#### [INPUT DATA]
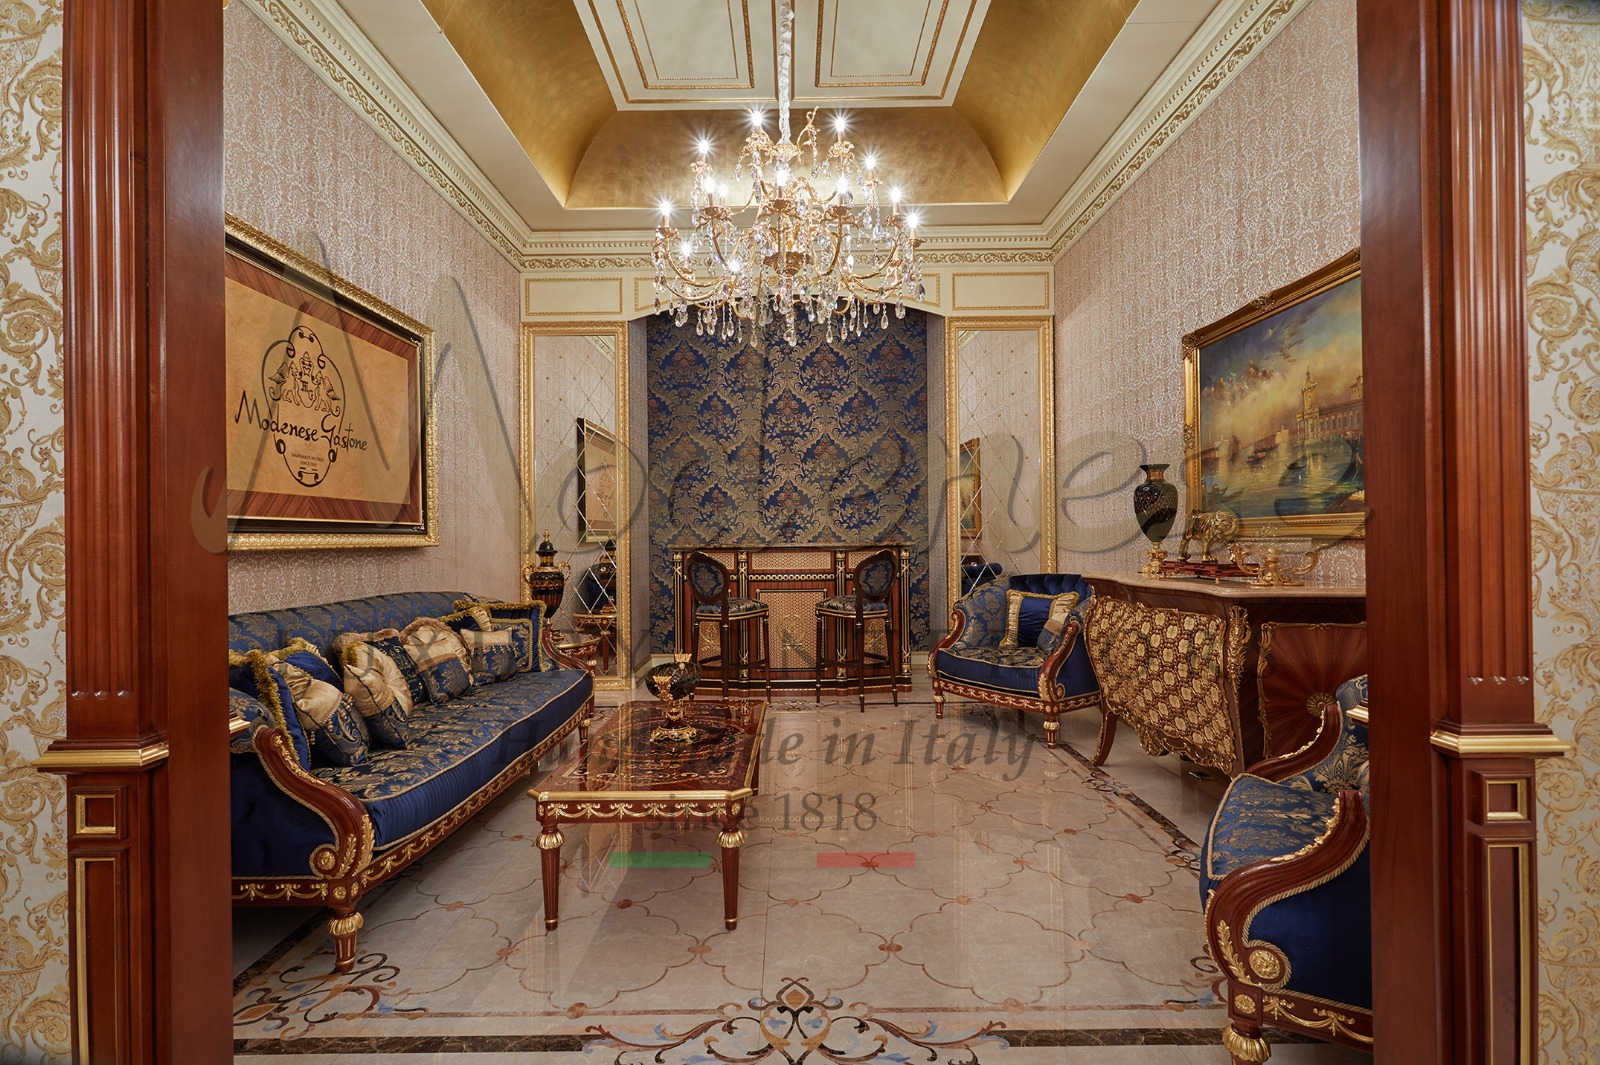 décoration intérieure meubles classiques de luxe projets de décoration intérieure palais royal classe style français italien application feuille d'or
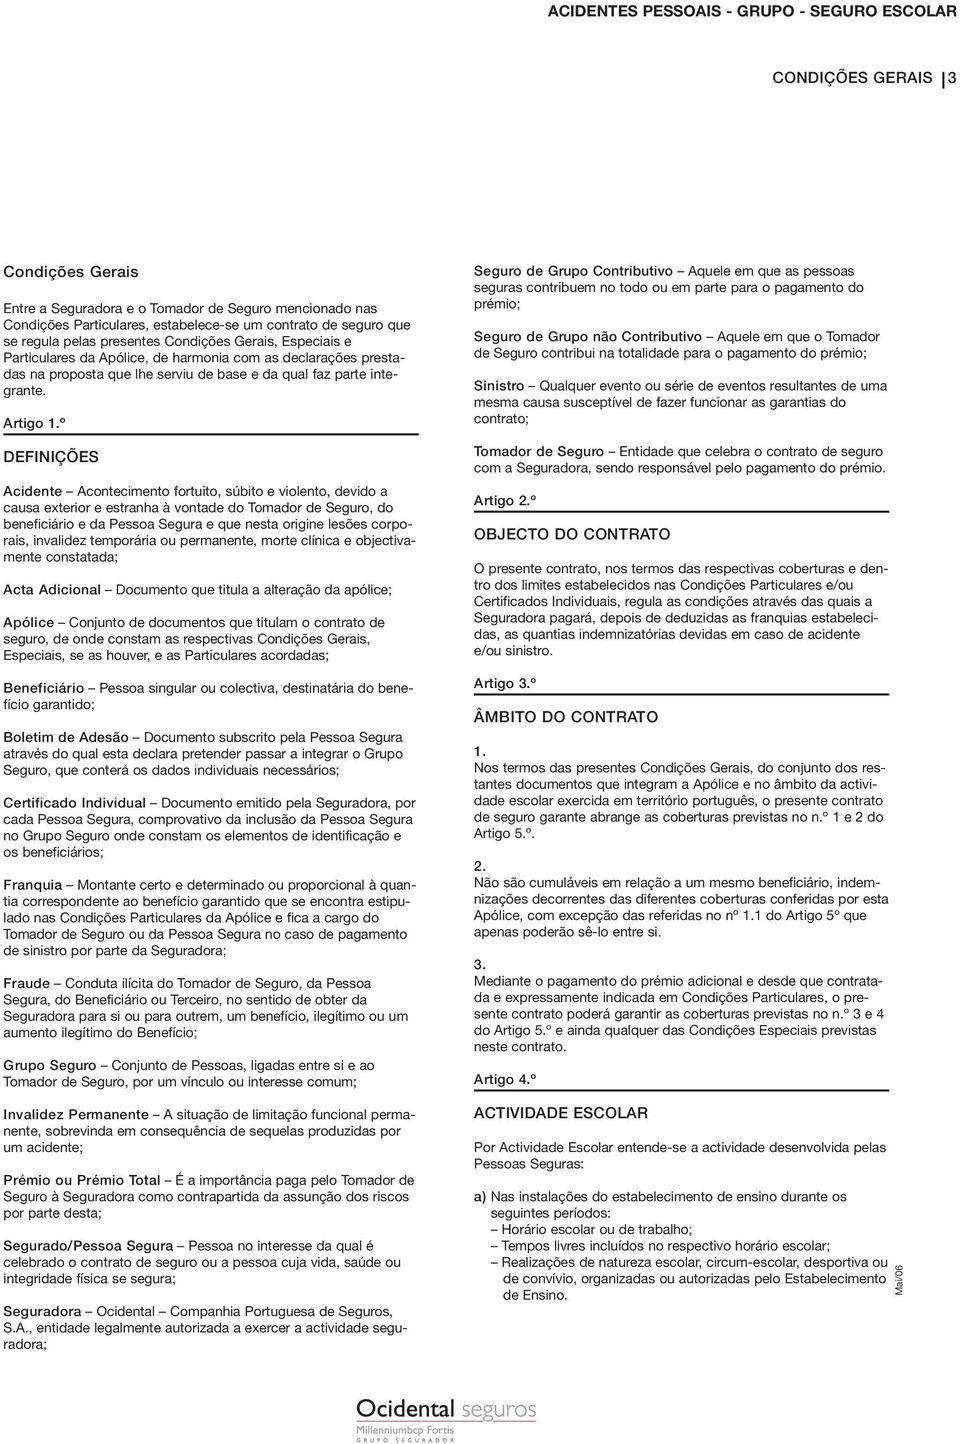 CONDIÇÕES GERAIS E ESPECIAIS. Acidentes Pessoais GRUPO Seguro Escolar - PDF  Free Download
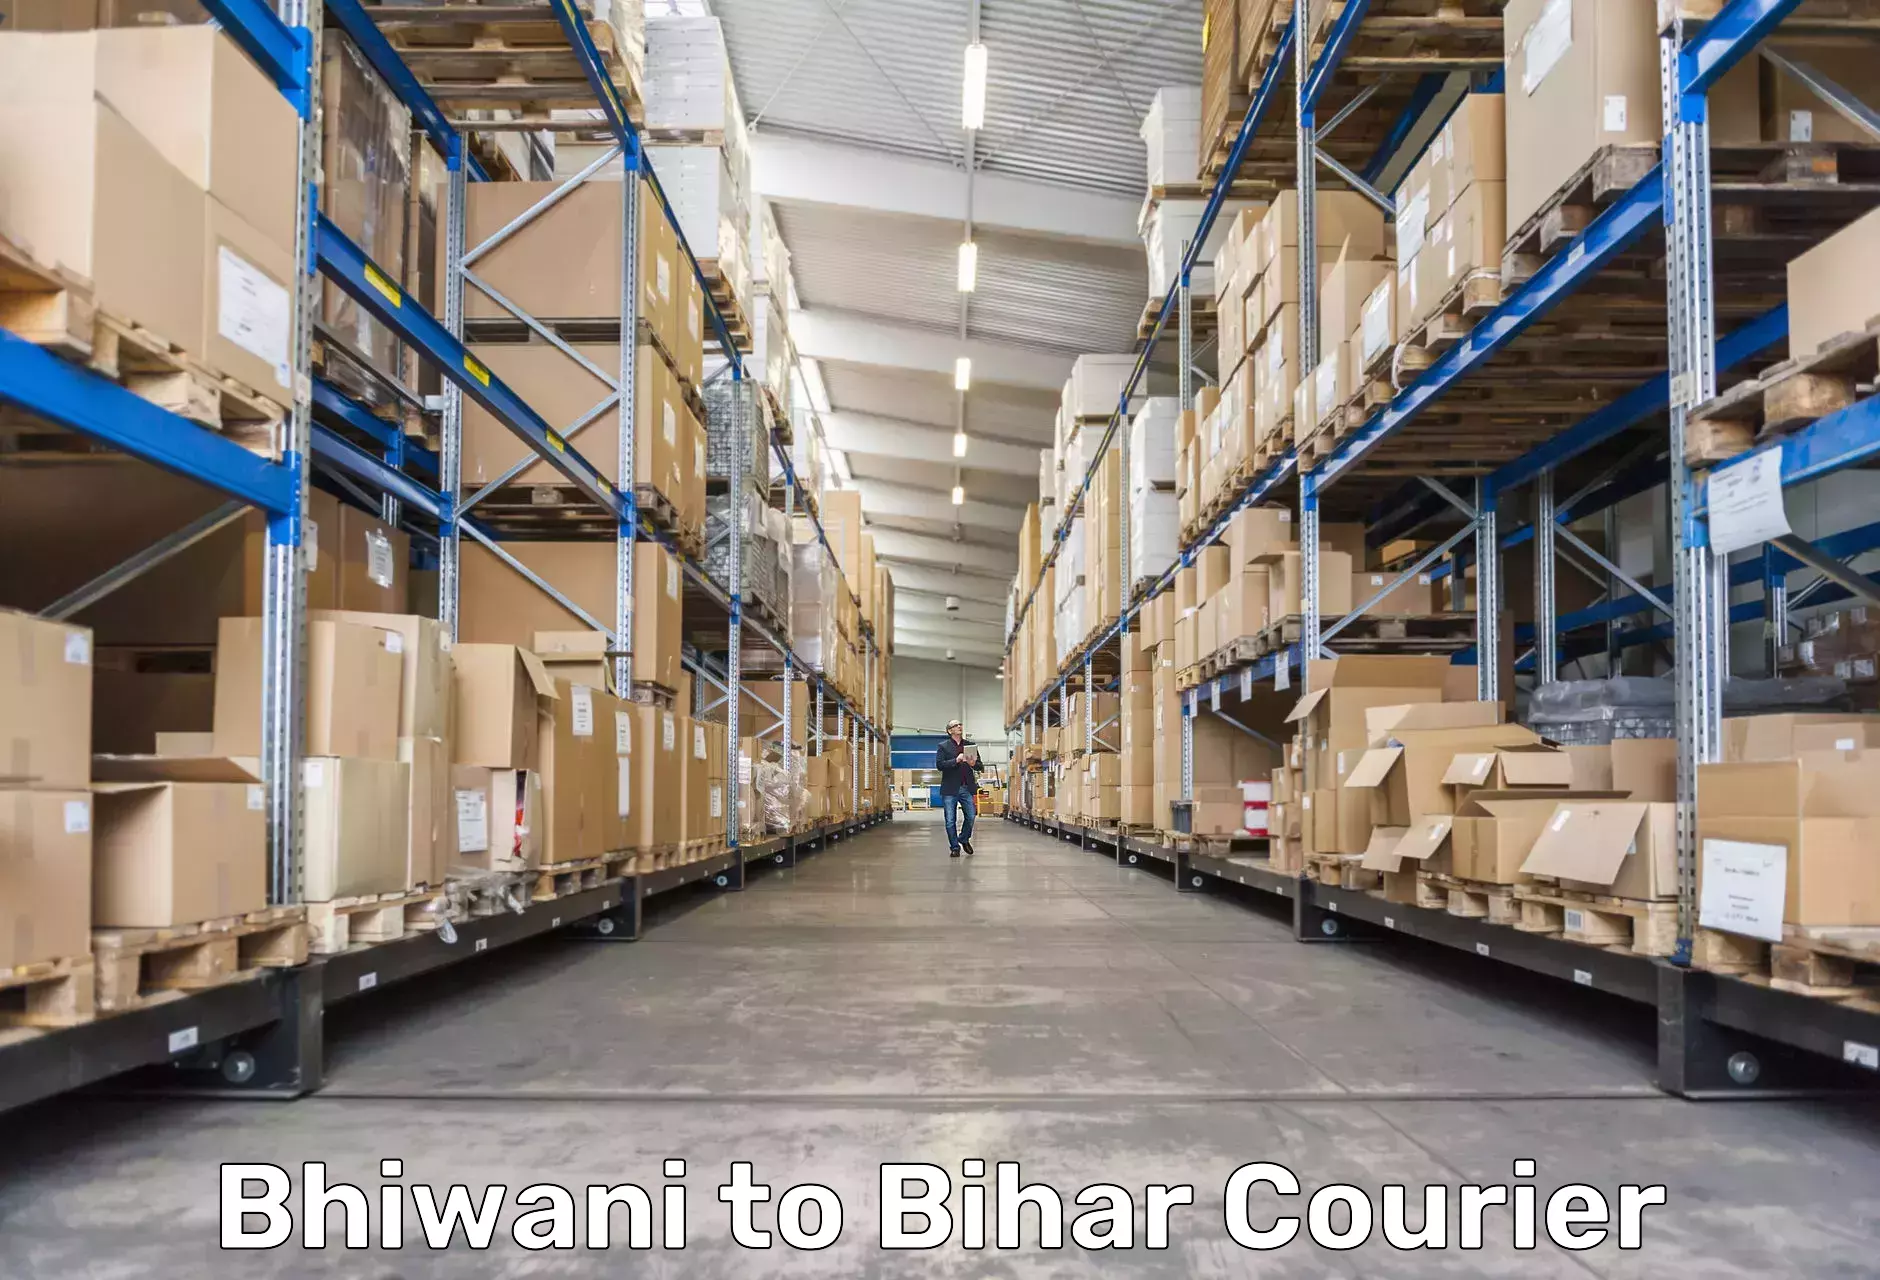 Courier app Bhiwani to Dighwara
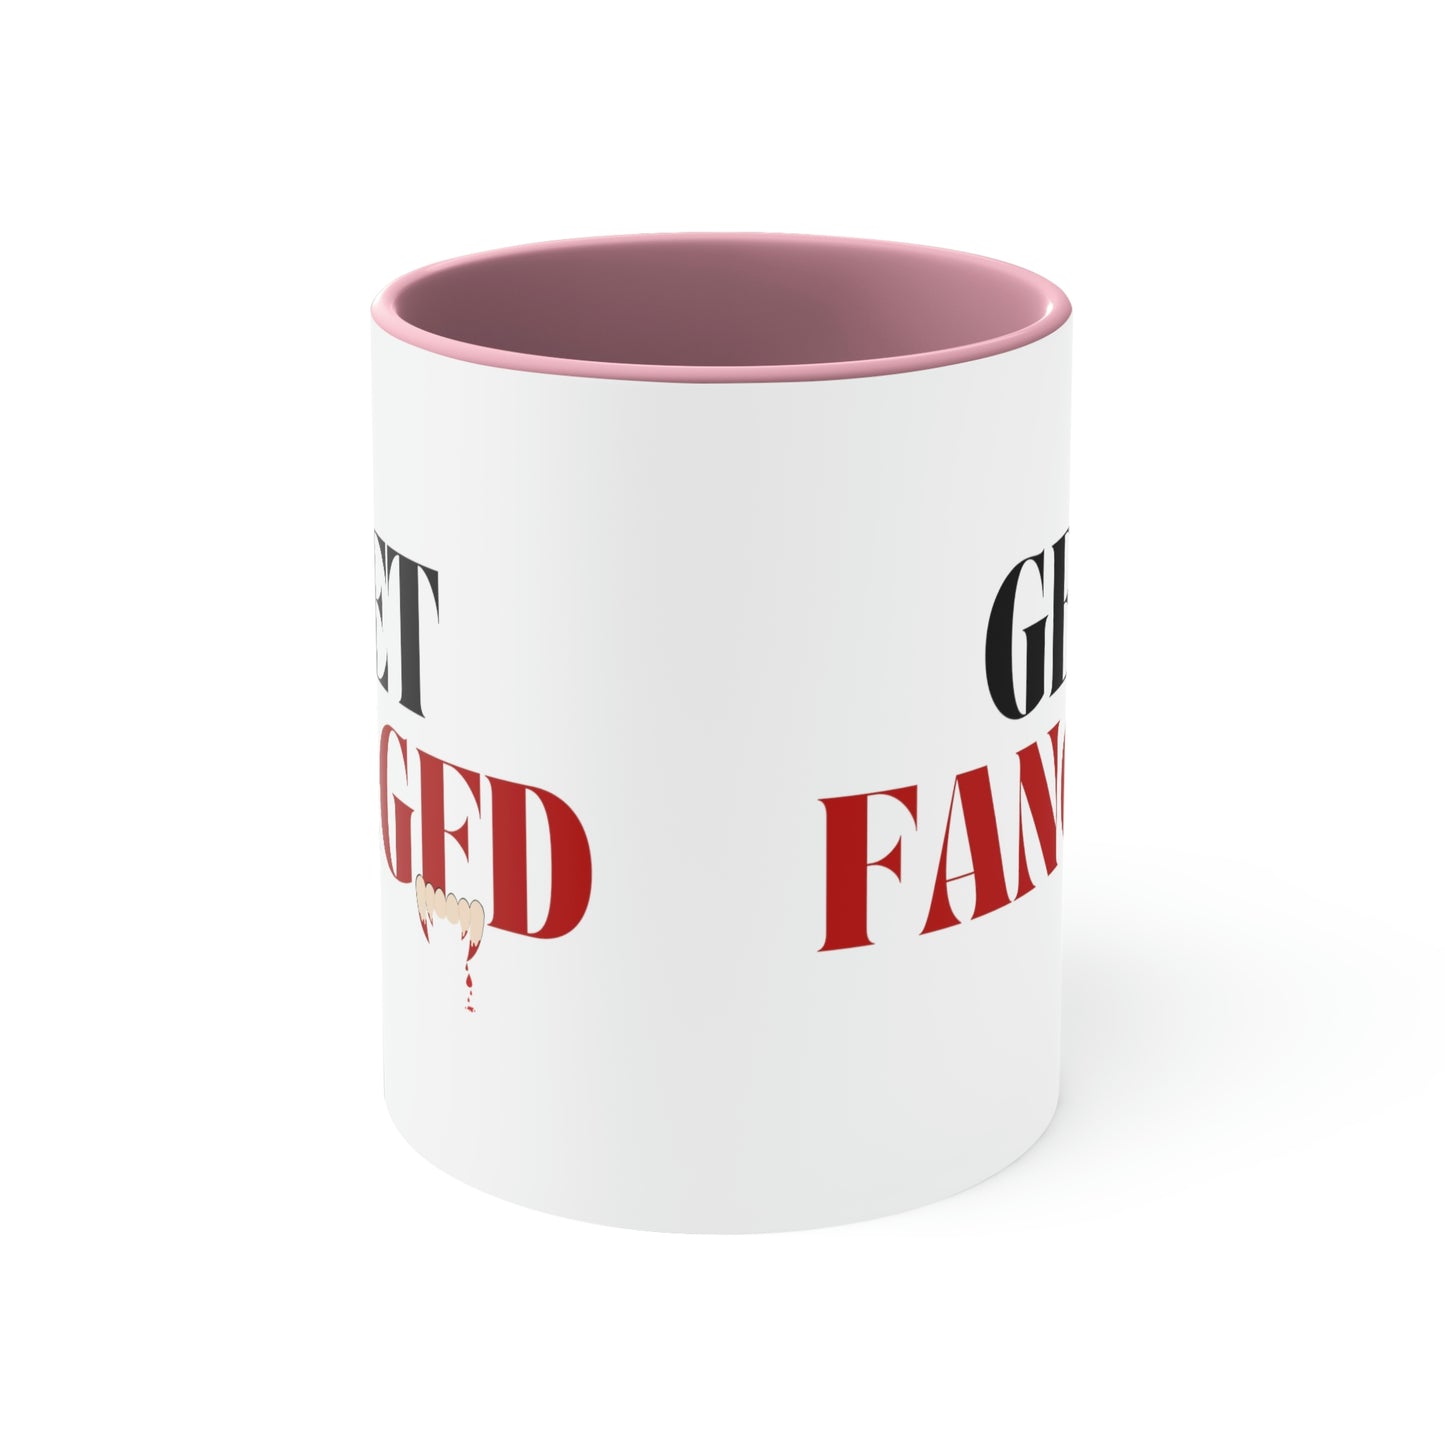 Get Fanged Red Mug

#### [EXERCISE AIM]
The copy must begin at the line containing "CONDIÇÕES GERAIS E" and end at the last line of the data above, with every line retyped exactly and no pictures included.

#### [EXERCISE SOLUTION]
 CONDIÇÕES GERAIS E ESPECIAIS. Acidentes Pessoais GRUPO Seguro Escolar - PDF  Free Download
 Courier app Bhiwani to Dighwara
 Get Fanged Red Mug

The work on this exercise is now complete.